Geościeżka WIERZENIA I LEGENDY POMORSKIE
(016)
Hall of fame
FTF: ? (2021-??-??)
STF: ? (2021-??-??)
TTF: ? (2021-??-??)
ŚWIECA Z KARLINA
Czy są wśród nas tacy, którzy pamiętają wędrownych dziadów, którzy za strawę bajdali o jeszcze starszych czasach?
Nie, to już tylko w literaturze można spotkać.
Dlatego teraz zamiast dziadów noszących opowieści, bajędy będą Was po polach i lasach ciągały ;)
(czytaj – powitać radym na geościeżce bajarskiej).
--❧--❦--❧--
- Dziad siedzi, a cicha. Niechby ciekawego co zagadał… Bajdę dziatwie zadał…
- Jako u mnie nie bajdy, ino z prawdy historyje!
- Poniecha dziadek, dziatwa czeka a prosi!
Dyć najstarsze ludzie prawią, co ta nikt nie może znać, ani ojce wasze, ani dziadowie. Tu zaś, na pomorskiej ziemi, a urodzajnej i pięknej, mieszkali pospołu pracowite olbrzymy jako i leniwe z natury, małe ludeczkowie.
Olbrzymy ziemię orały, sady sadziły, o swój ojcowski kraj dbały. Zaś sąsiady ich, drobnej postury ludzikowie, ino zbierali co ziemia sama urodziła, lubo i trochę olbrzymom plonów podbierali…

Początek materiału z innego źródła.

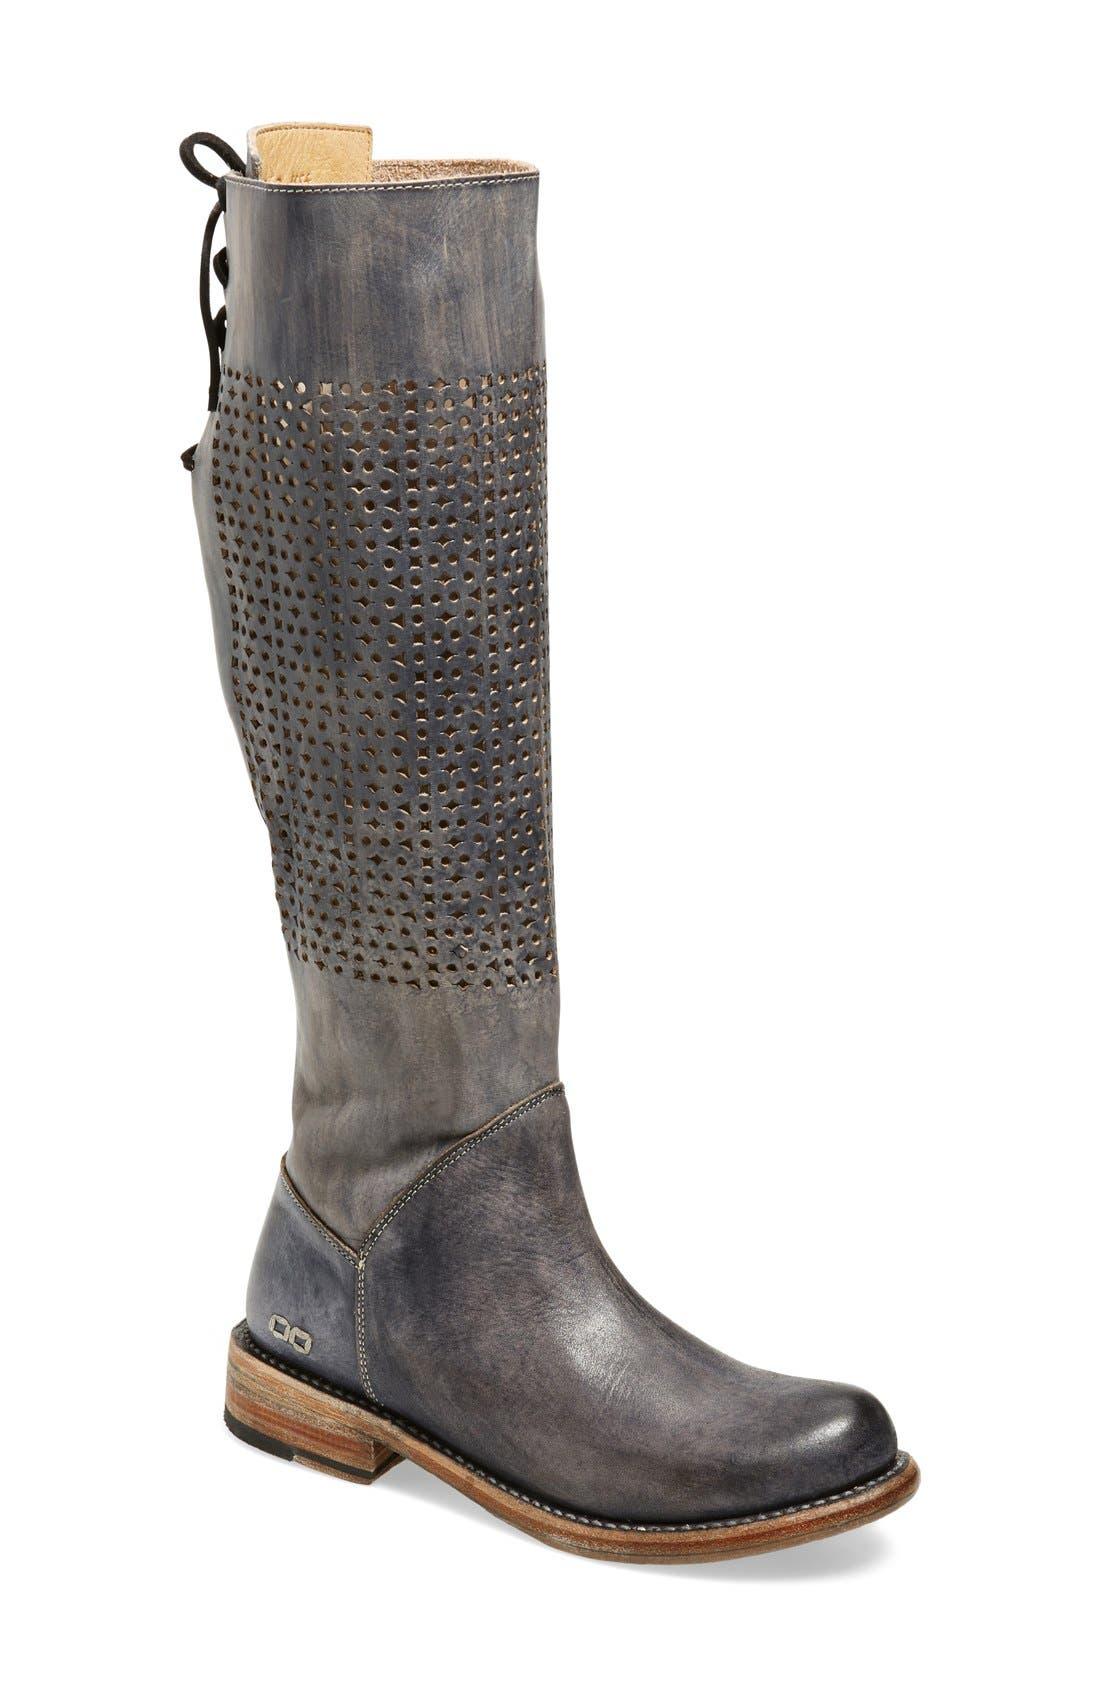 Main Image - Bed Stu 'Cambridge' Knee High Leather Boot (Women)
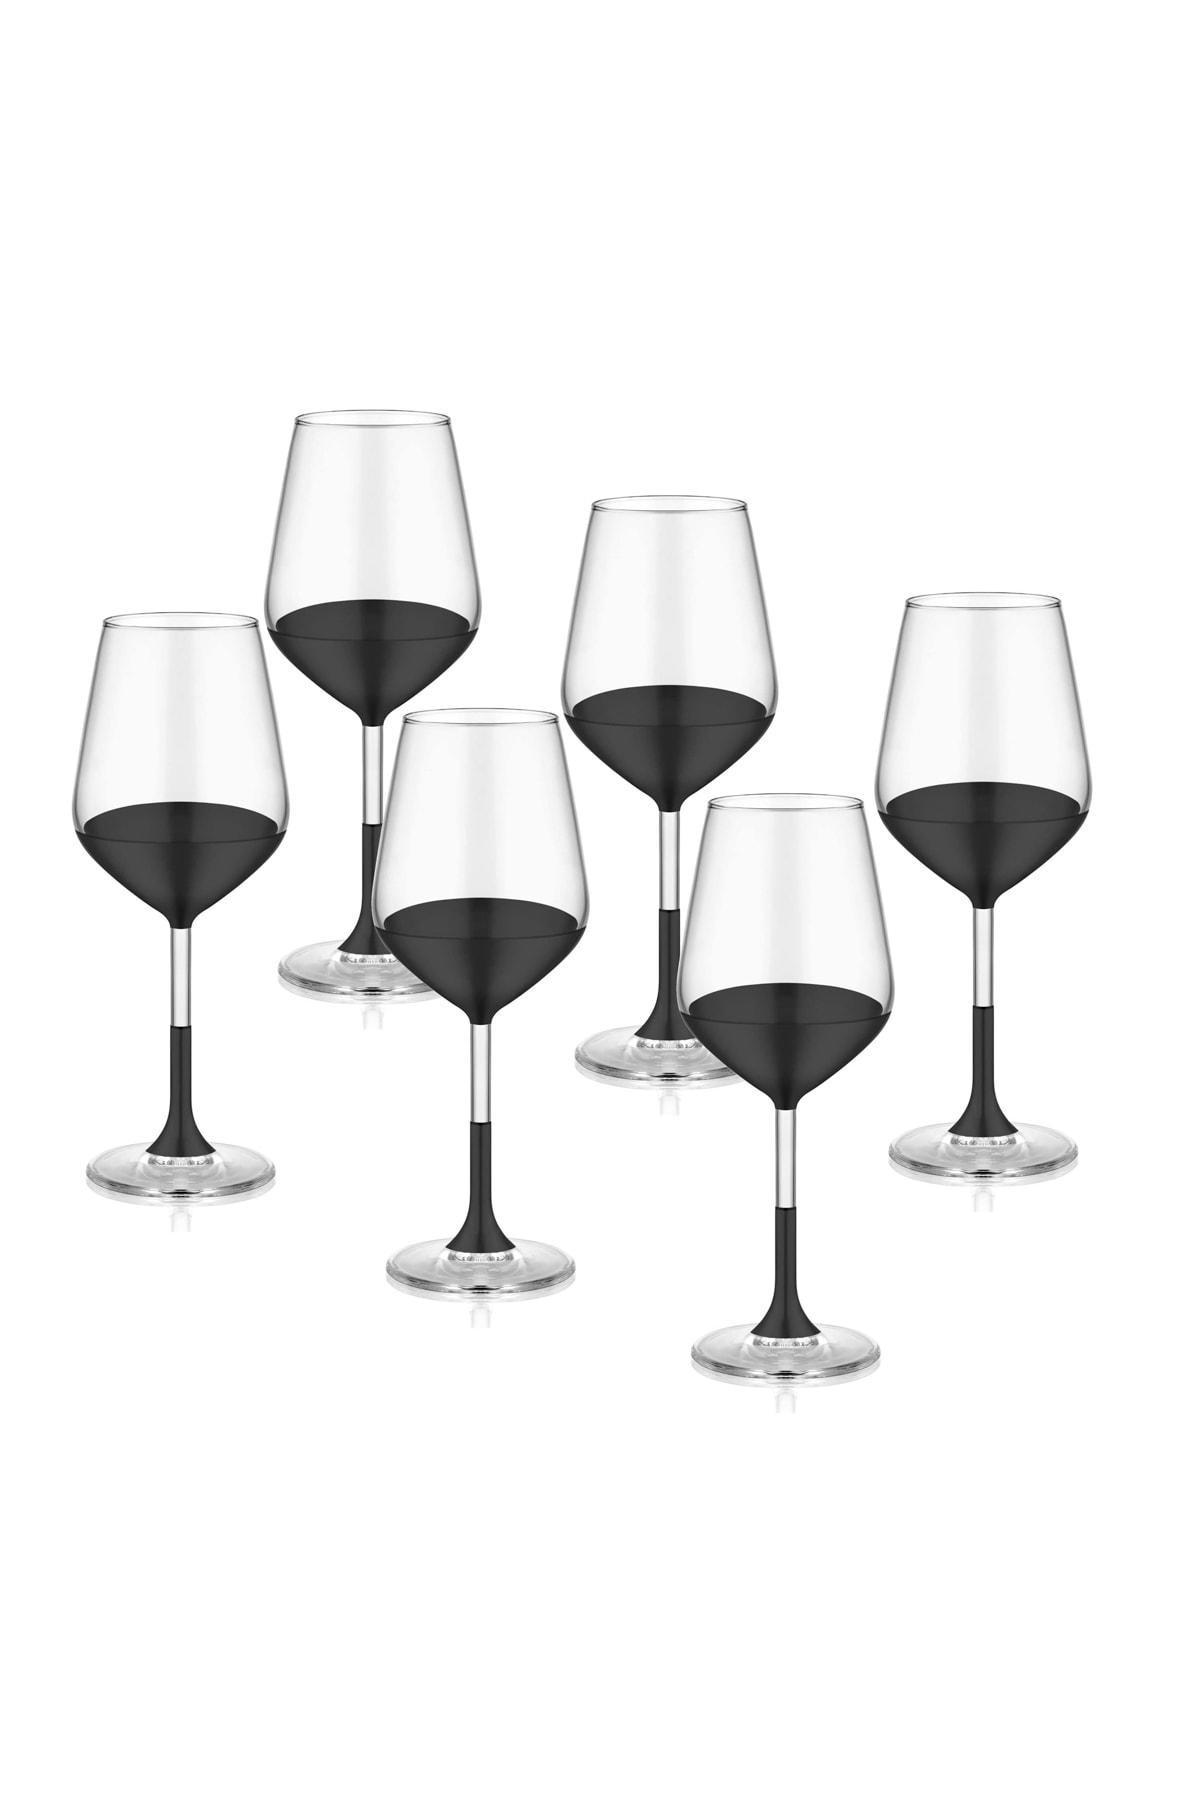 The Mia Dark Şarap Kadehi 6'lı Set 1

Takoż z dalekiej północy łakome oczy gapiły. Szronowe olbrzymy zapragnęły ziemię naszą dla siebie zagarnąć. Przewodził im ojciec ich, największy olbrzym imieniem Ymir. Zadał on swoim wojownikom stanąć w szereg i pchać na południe cały Nilfhajm – ogromną ichnią krainę lodu. Jako ciężkie, trudne i żmudne to było zadanie, to Ymir pomocy u boga Odina szukał. Ten zaś z radością do wojny przystał, a swoje druhy zabrał. Dość, że wymienię trzy imiona: Tyr – straszliwy, miotający pioruny bóg wojny, Thor – bóg burz i morskich nawałnic dzierżący okrutny oręż – Młot Druzgotacz, czy bóg wiatrów – Njerd.
Silna ta grupa parła nieprzerwanie cały lodowy kraj na pomorskie ziemie. Jak i rychło zwały lodowych brył, kamulców i co tam inszego pomorskie ziemie pokryły. W niwecz poszedł owoc pracy wielu pokoleń pomorskich olbrzymów.
Ci zaś stawali najeźdźcom dzielnie, zaś walka na śmierć i życie gorzała. Jako oręż były olbrzymie kamienie z proc miotane.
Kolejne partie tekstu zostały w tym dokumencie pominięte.